The simulation based on the APF algorithm shows promise in overcoming limitations of existing methods, particularly those that rely on large teams of agents. In simulation, the evader consistently avoids corners and maintains a good distance from the searcher. The simulated evader’s ability to detect obstacles and searchers enables more accurate and adaptable evasion strategies, which could inform the development of more robust pursuit systems.
Potential limitations include the complexity of accurately modeling long-term influences of evaders’ decisions on obstacle avoidance, as well as challenges in translating simulated performance to real-world scenarios. Future research will focus on completing the ROS2 implementation for the TurtleBot3, further improving the efficiency of information encoding for neural networks, and enhancing the accuracy of the APF algorithm for autonomous evaders in physical, interchangeable tasks.

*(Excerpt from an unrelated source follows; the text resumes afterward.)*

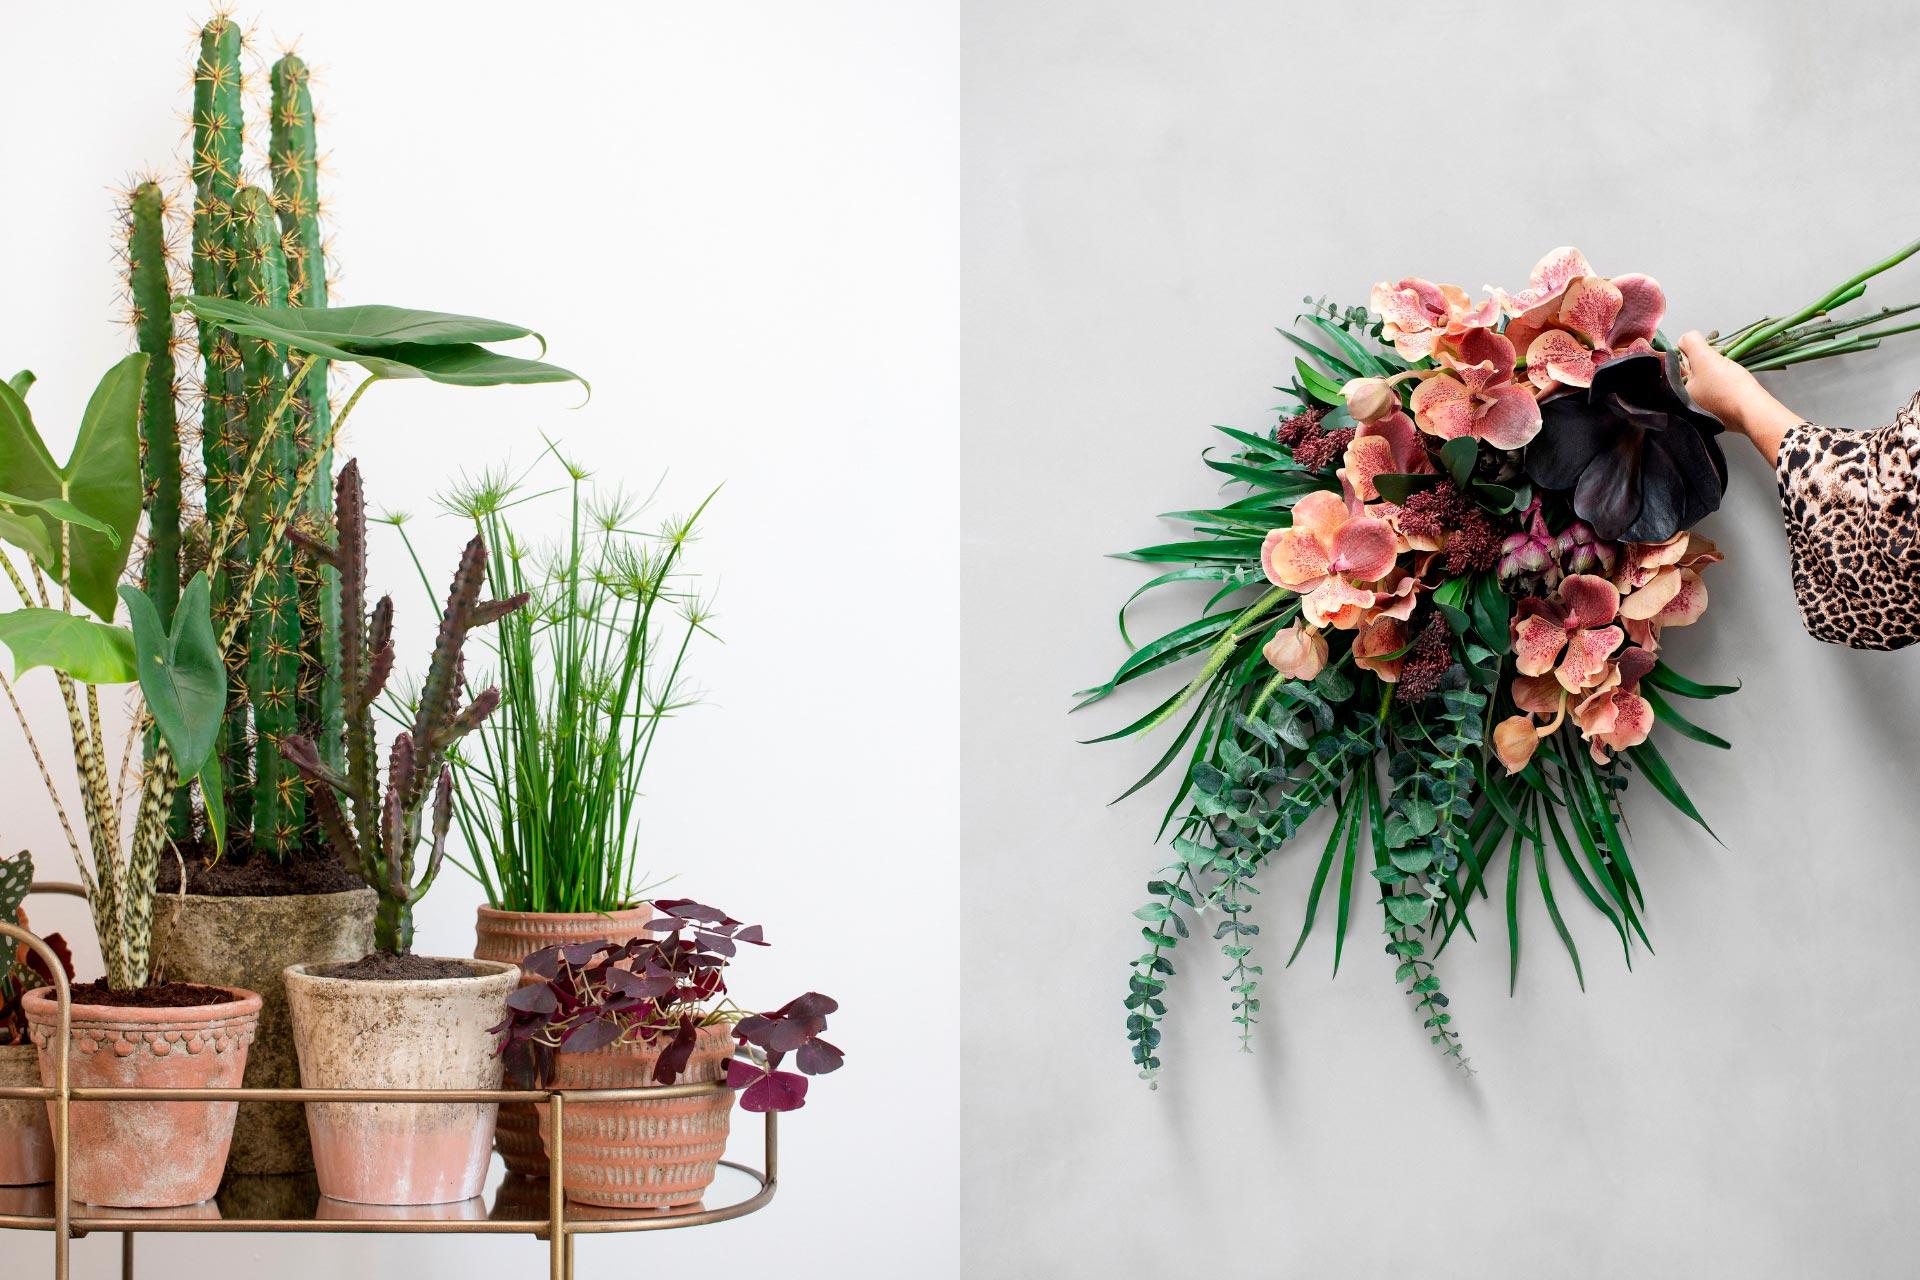 Flowers_1_1920x1280px

Concluding Thoughts of My Experience
This overall experience has not only broadened my view of different aspects of work and engineering but has also granted me an opportunity to network with various communities. I had the chance to meet researchers, professors, and students from different schools and backgrounds within the program.
The students in the program truly enriched my journey, and I thoroughly enjoyed my time at NUS. The people I met and the friends I made along the way made my time in Singapore much more special and enjoyable. I cherish this experience deeply and had an amazing time.